# What does ACS ask to assess experience?



## enrico (Jun 7, 2009)

Hi All,

I am about to submit my skills assessment to ACS. For the past 4 years i have been working 2 years on a local Indonesian company, and the last 2 years in Australia. I've gotten all reference letters from previous work, including detailed tasks and job description.

Was wondering if anyone know what will be asked to our previous employers? Will ACS call them just to confirm whatever stated in the reference letter, or will they do extra information gathering than that? Do they usually call the employers? Do a visit? The thing is I am not sure whether my previous employer can give any more detailed job desc apart from whatever it is said in the reference letter - for confidentiality reasons. If ACS asks just a confirmation of what's already said in the reference letter, then it should be fine i guess....

Thanks in advance!

Regards.


----------



## anj1976 (Apr 24, 2008)

hi enrico,

no ACS doesnt call anyone. Not the previous employers for sure. they check all your documents and based on that they assess your case, if they want any additional documents, they ask you for the same. 
The calling part comes post applying for the visa. DIAC does the calling, that too if they are not convinced. Don't worry.


----------



## enrico (Jun 7, 2009)

anj1976 said:


> hi enrico,
> 
> no ACS doesnt call anyone. Not the previous employers for sure. they check all your documents and based on that they assess your case, if they want any additional documents, they ask you for the same.
> The calling part comes post applying for the visa. DIAC does the calling, that too if they are not convinced. Don't worry.

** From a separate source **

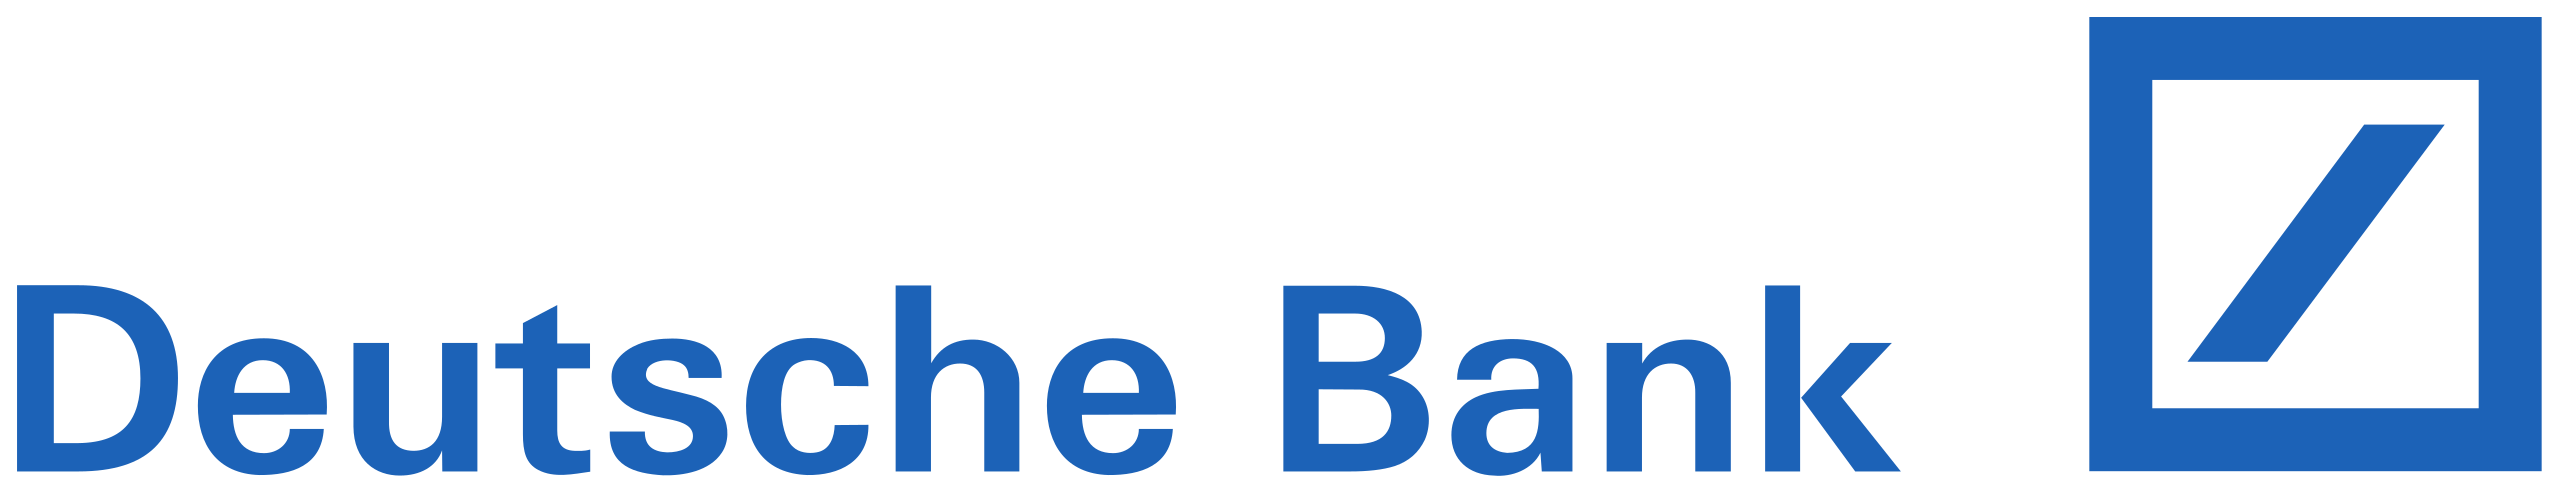 Deutsche Bank | Lead investor

First of all, Thanks for the reply Anj...

I see, so the calling part really is done by DIAC. But yet, still, if DIAC calls my previous employer, how complete the information should be? Would DIAC be asking just a confirmation of whats written in the reference, or more than that? Just a bit worried if my prev office wouldnt want to give any more detailed other than what's written on the ref letter. Not to mention also the lack of English speaking ability most Indonesians have


----------



## anj1976 (Apr 24, 2008)

enrico, 

their concern is the minimum 12 month requirement out of last 24 months. If they do call, they call the employer who you are working for in those 12 months. Many a times, they do not even call. Out of say about 100 visas only 5-10 get calls. I have not heard of anyone from IT getting verification call.


----------



## enrico (Jun 7, 2009)

anj1976 said:


> enrico,
> 
> their concern is the minimum 12 month requirement out of last 24 months. If they do call, they call the employer who you are working for in those 12 months. Many a times, they do not even call. Out of say about 100 visas only 5-10 get calls. I have not heard of anyone from IT getting verification call.


But to get the 60 points, I'd need to have 4 years experience, right?


----------